Bad Taste is Peter Jackson's first completed feature. Essentially splatter-comedy from beginning to end, the story revolves round the catching and dispatching of a band of alien cannibals.
Being a job for real men, the team from AIDS (Alien Detection and Investigation Service), led by the hapless Derek (played by Jackson), do the deeds, with all weapons at their disposal: guns, knives, axes ... anything that'll do the trick.
Very low budget, very bad taste, loved by some, hated by others; it was a breakthrough film in many ways. Jackson delights in exploding sacred cows (or famously, sacred sheep) of decency and genre.
The movie (originally begun as a short) was funded out of his earnings as an apprentice photo-engraver at Wellington newspaper The Evening Post. It was shot primarily on weekends over the course of four years (to fit around mates' soccer matches) at an initial cost of around $25,000.

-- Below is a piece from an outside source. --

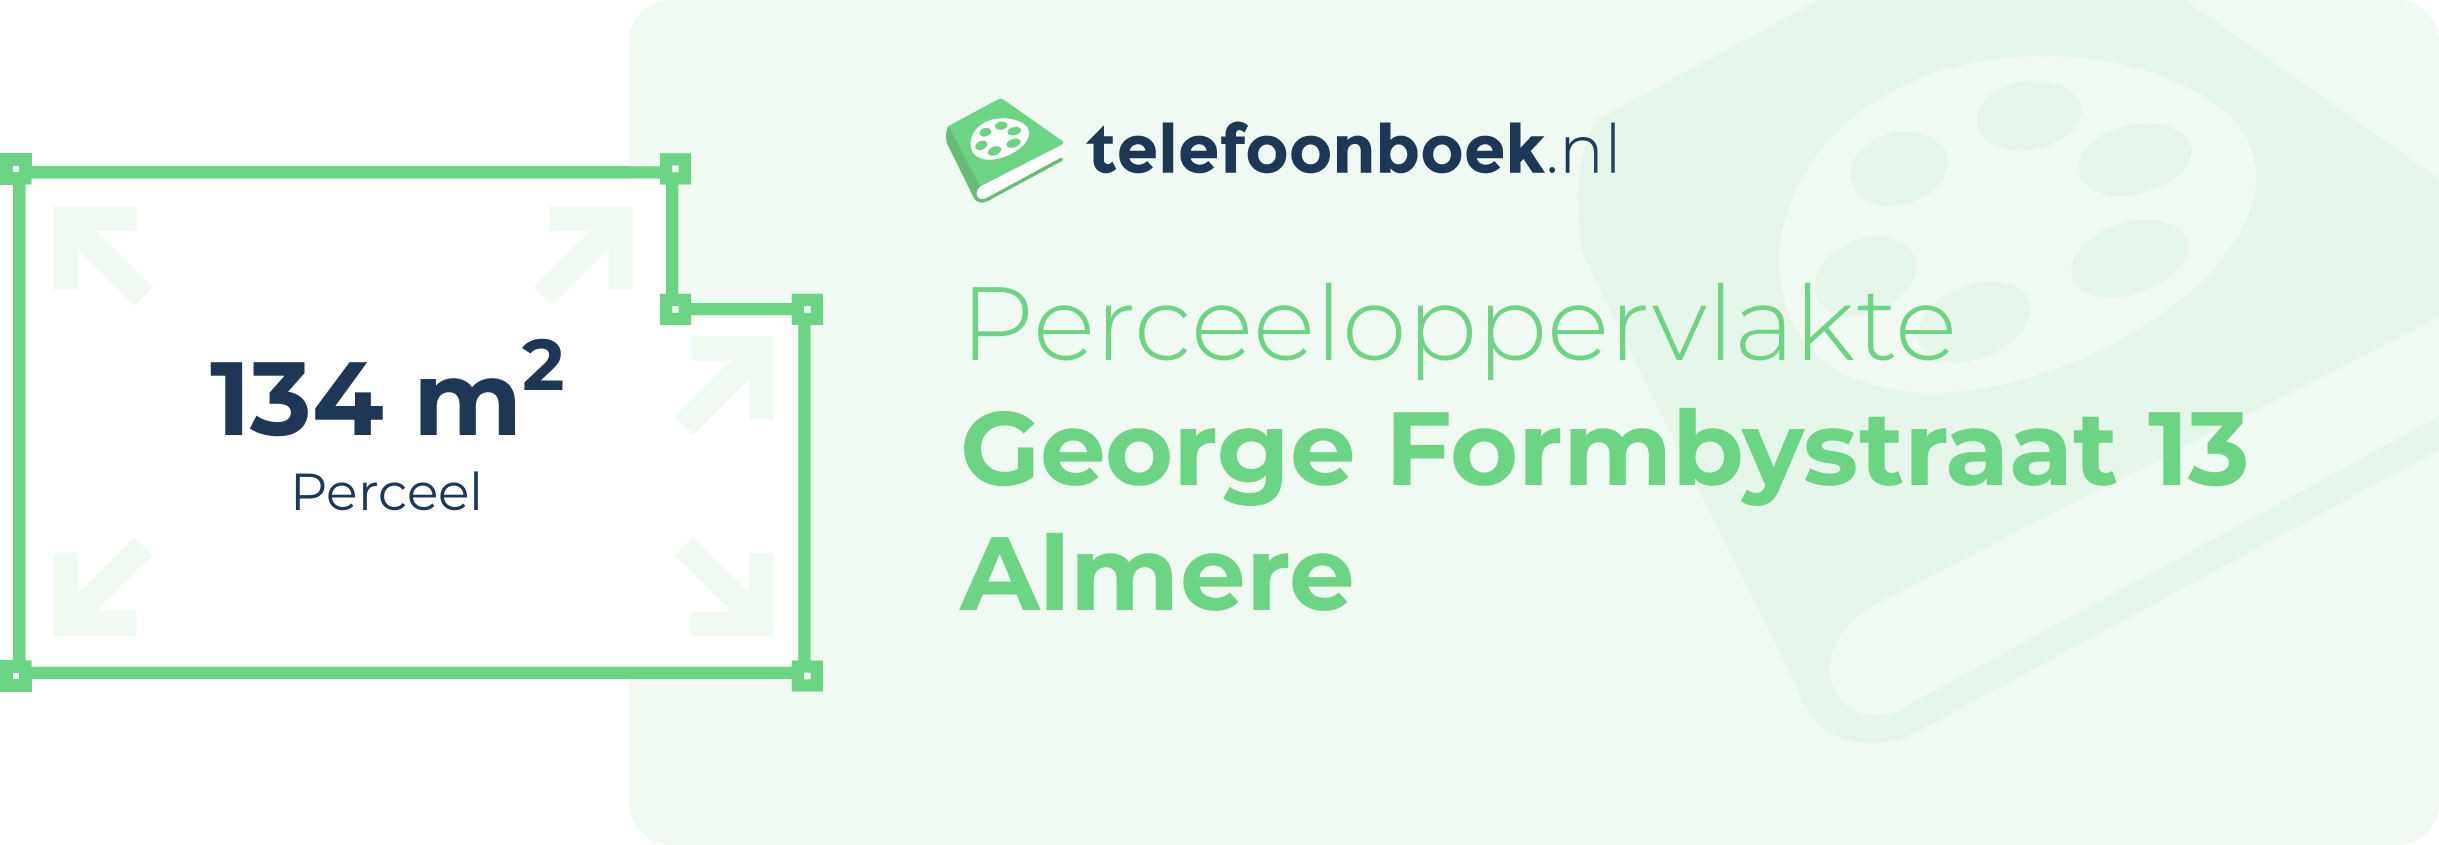 Perceeloppervlakte George Formbystraat 13 Almere

Peter not only produced and directed, he played two roles, shot most of it (on a 25-year old 16mm camera), built a lot of his own equipment, and devised the special effects. Masks in the film were baked in his mother's oven, and the weapons were made using aluminum tubing. Actors had to shake them to simulate the recoil (a flash and sound effect was added in post-production).
The filmmaking world in New Zealand was unprepared for the renegade and gory nature of the movie, but its essential humour and off-the-wall structure had enough charm to change most doubting thomases into certified fans.
The reassuring Country Calendar-esque bleat of a sheep minding its own business in a paddock a moment before it's blown to smithereens by a rocket is classic Jackson humour (it's a sequence that is now iconic in its own right).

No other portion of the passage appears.